Mi pregunta es, ¿quién está confundido?
Danke schön!!


----------



## sokol

Depende totalmente de contexto, por eso no puede decir ningun sobre los dos verbos. El verbo "zugehen" hay un sentido más especial ("auf jemanden zugehen").
Cuál es el contexto?


----------



## CarlosMC95

Yo lo quería situar en esta frase:
Ich gehe zur meines Bruderes Schule für um ihn abzuholen, weil ist er zu viel klein für um alleinen kommen.


----------



## sokol

CarlosMC95 said:


> Yo lo quería situar en esta frase:
> Ich gehe zur meines Bruderes Schule für um ihn abzuholen, weil ist er zu viel klein für um alleinen kommen.

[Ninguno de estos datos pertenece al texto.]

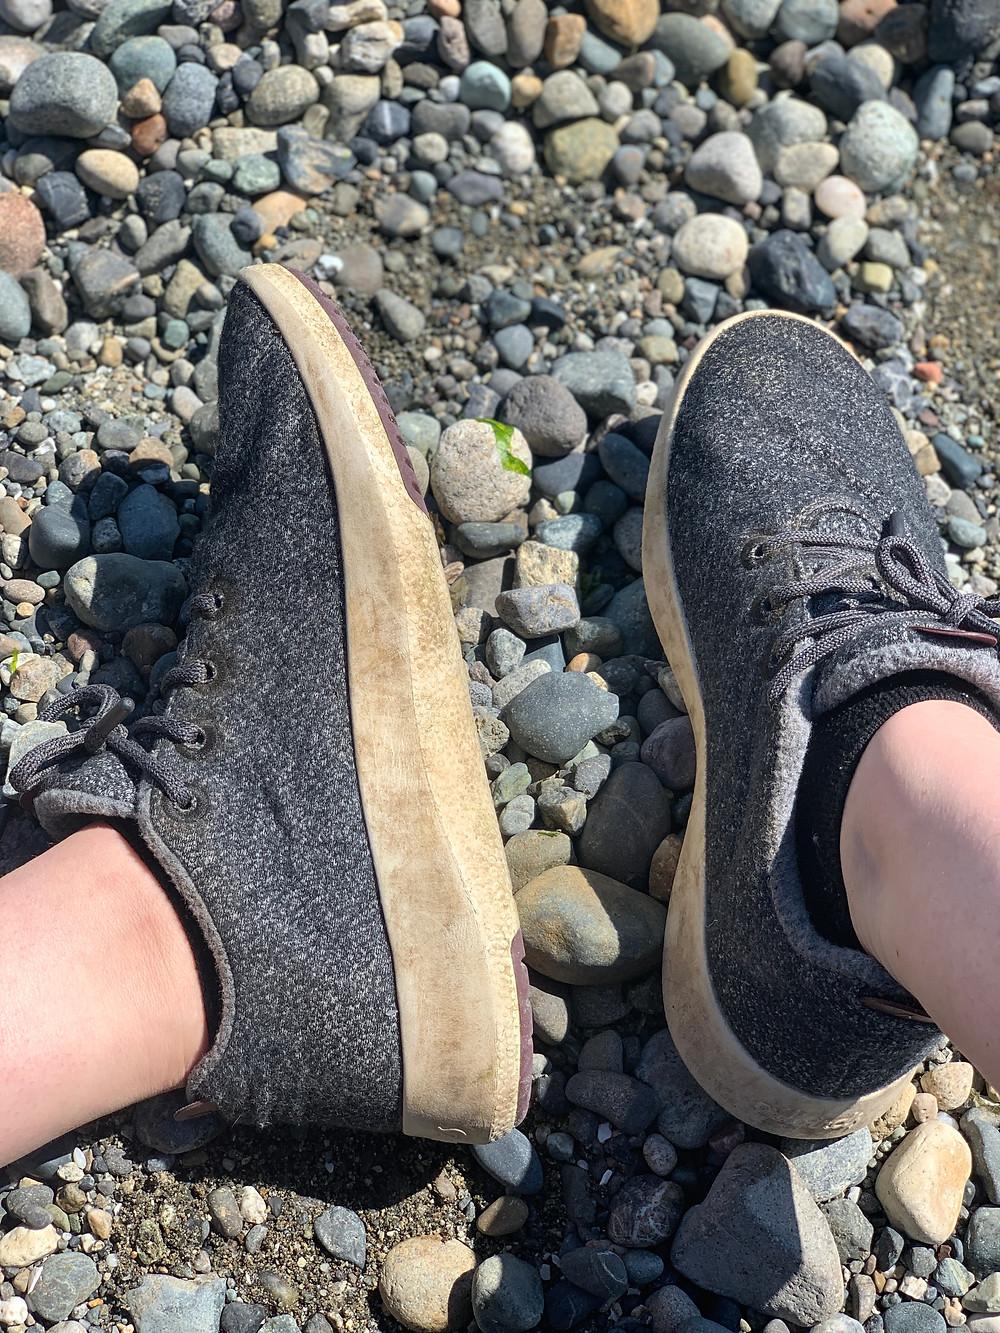 Allbirds sustainable sneakers slightly dirty

Mejor: "Ich gehe zur Schule meines Bruders, um ihn abzuholen; er ist nämlich noch viel zu klein, um alleine nach Hause zu kommen."

(Existen otras posibilidades, naturalmente. )

En eso caso "kommen" es mejor, "zugehen" no es bueno aquí.


----------



## Bahiano

sokol said:


> Mejor: "Ich gehe zur Schule meines Bruders, um ihn abzuholen; er ist nämlich noch viel zu klein, um alleine nach Hause zu kommen."
> 
> (Existen otras posibilidades, naturalmente. )
> 
> En eso caso "kommen" es mejor, "zugehen" no es bueno aquí.


¡Holá vosotros!
Para mi parece más auténtico o idiomático decir: "Ich hole meinen Bruder von der Schule ab, weil er noch viel zu klein ist, um alleine nach Hause zu gehen."
Saludes


----------



## sokol

Bahiano said:


> ¡Holá vosotros!
> Para mi parece más auténtico o idiomático decir: "Ich hole meinen Bruder von der Schule ab, weil er noch viel zu klein ist, um alleine nach Hause zu gehen."
> Saludes



Excellente, es mejor que mi proposición.  Pero no hay "kommen" ni "zugehen".


----------



## jordi picarol

Bahiano,sokol,¿no se corrige el español es este foro?
Saludos
Jordi


----------



## Bahiano

jordi picarol said:


> Bahiano,sokol,¿no se corrige el español es este foro?
> Saludos
> Jordi


¡Claro que sí! ¡Por supuesto! Nur zu! 
Lo sé que mi español ne es tan bueno, por eso, puedes corrigir quanto quisieres...yo estaría muy agradecido.


----------